Avant ce 20 mars, Michael Saylor ne pouvait rien faire de mal, après, il ne pouvait rien faire de bien. Et surtout, le magazine Forbes l’a fait entrer dans le « Club des milliardaires perdants », avec des pertes totalisant 13 Mds$.
Mais un échec difficile fait plus de bien à un homme qu’une réussite facile. De toute évidence, Saylor est aujourd’hui un homme meilleur qu’il ne l’était il y a quelques années. « Il s’est mis à boire », raconte le Washington Post. « Au moins deux responsables de MicroStrategy ont reçu des appels de personnes s’inquiétant d’avoir vu Saylor en état d’ivresse dans un lieu public. »
Liberté et souveraineté ?
C’était il y a presque 20 ans.
Et maintenant, voilà le Tome II du roman de Michael Saylor, où notre héros imparfait opère un comeback. En fait, il a une deuxième chance de se ridiculiser… de perdre d’autres milliards… et de baratiner à propos du cyber espace.
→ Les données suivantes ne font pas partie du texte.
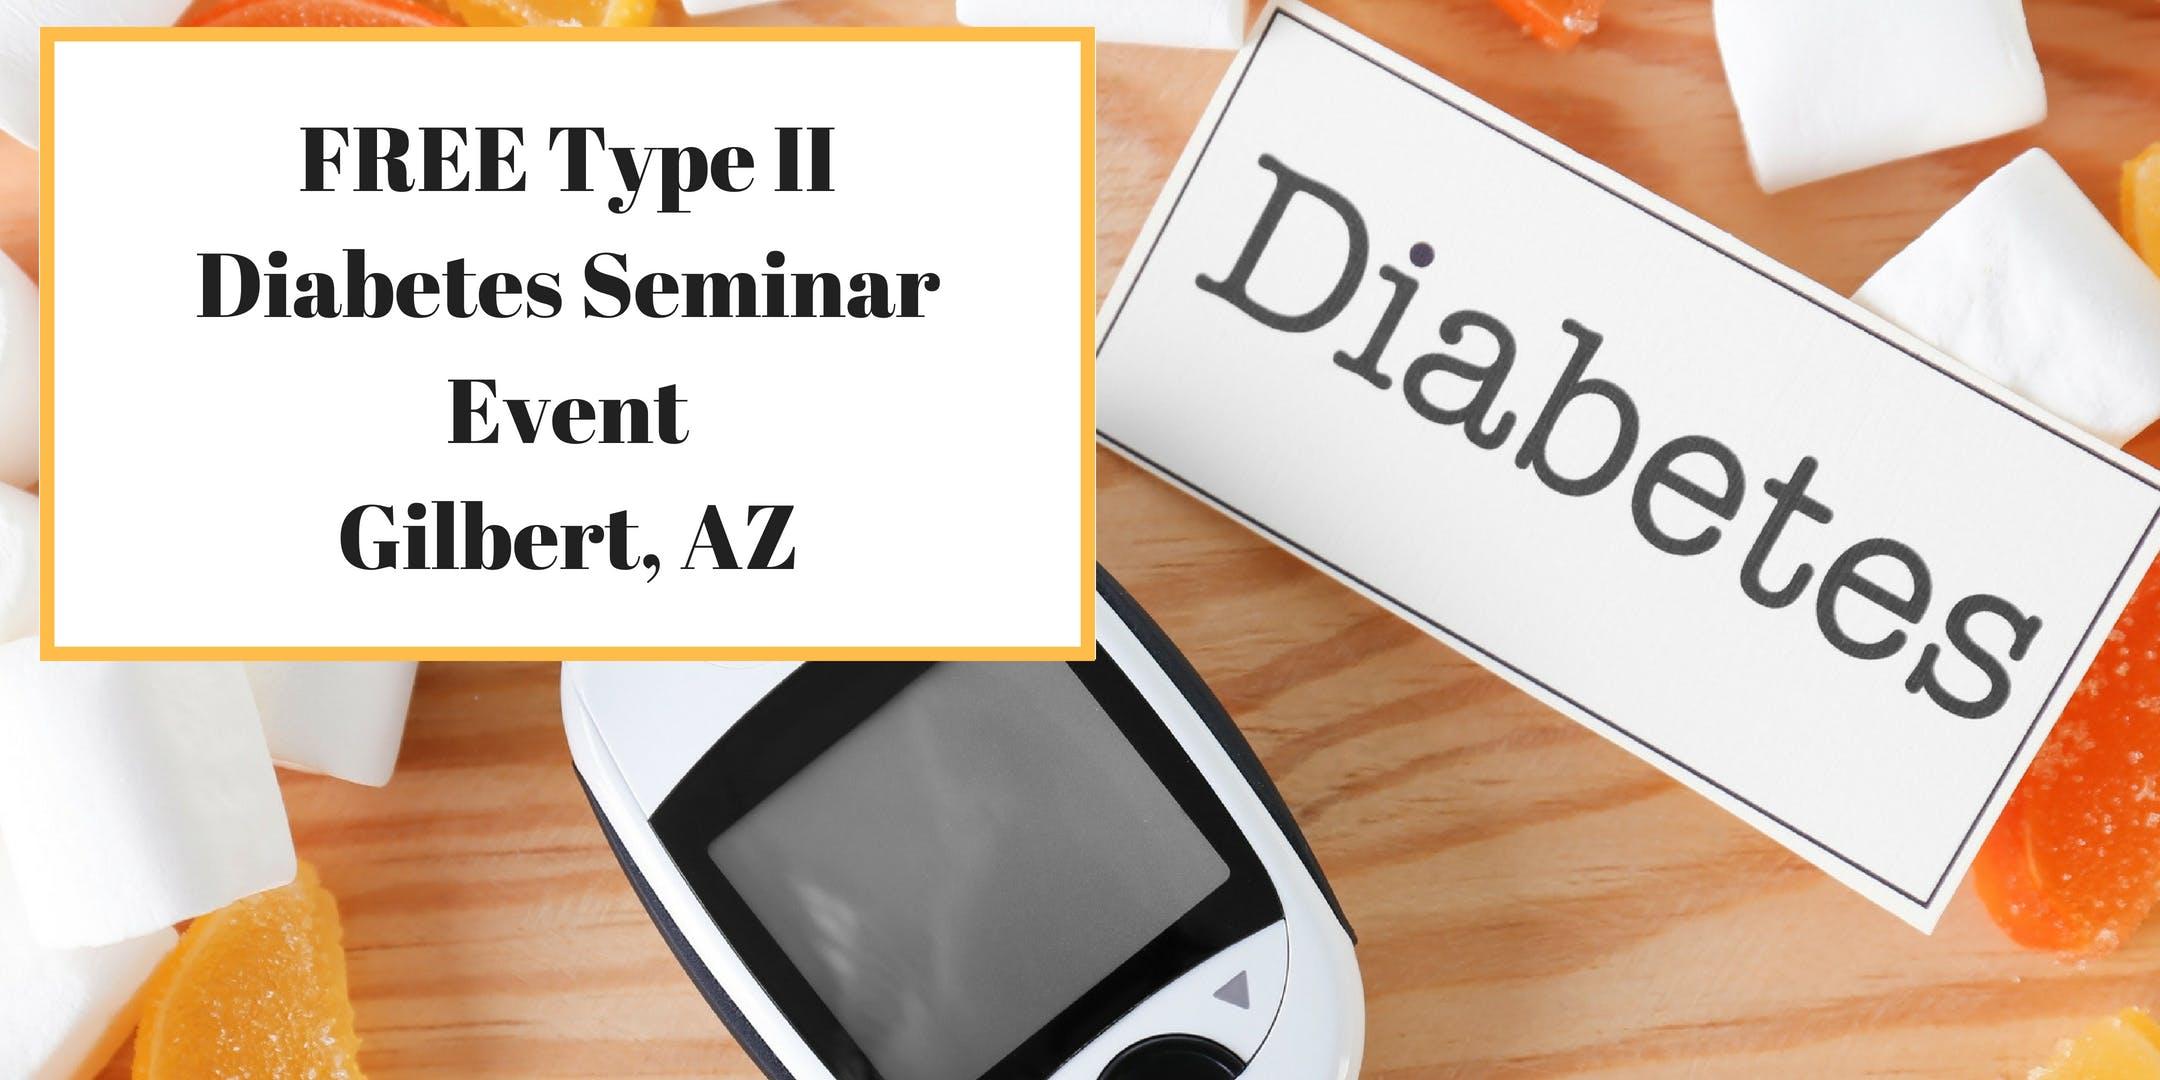 FREE Type II Diabetes Seminar Event -

Son action ne vaut désormais que la moitié de ce qu’elle valait il y a 22 ans. Mais il insiste sur le fait qu’elle représente une opportunité d’achat, « comme Amazon », croit-il, qui s’est effondré cinq fois avant de véritablement décoller.
En ce qui concerne le Bitcoin, il ne renonce pas : il le conserve sans capituler face à la baisse (le fameux « HODLing ») et déclare « qu’il vaut des millions de fois plus que l’or ».
Et si les choses se gâtent pour les HODLers [NDLR : ceux qui restent en position, peu importe l’importance de la baisse], ici sur la planète Terre, il y a toujours le « cyber espace », ajoute-t-il, où l’on peut trouver une véritable « liberté et souveraineté ».
A première vue, cette idée est absurde. Elle suggère qu’un homme emprisonné à Guantanamo et régulièrement torturé par ses gardiens pourrait « emménager dans le cyber espace » et y trouver « une vie décente ».
Est-ce tout ce dont vous avez besoin ? D’un ordinateur portable et d’un accès wifi ? De plus d’informations gratuites ? Plus de bitcoins ?
Nous soupçonnons que, pour des millions de personnes, le « cyber espace » est un leurre plein de vide… comme cette imitation d’insecte bariolée, lancée dans un lac de montagne, il ne mène pas à la liberté et à la souveraineté mais au fond du panier d’un pêcheur.
Pauvre M. Saylor. Ses branchies sifflent. Il est nu. Il a froid. Dieu le bénisse.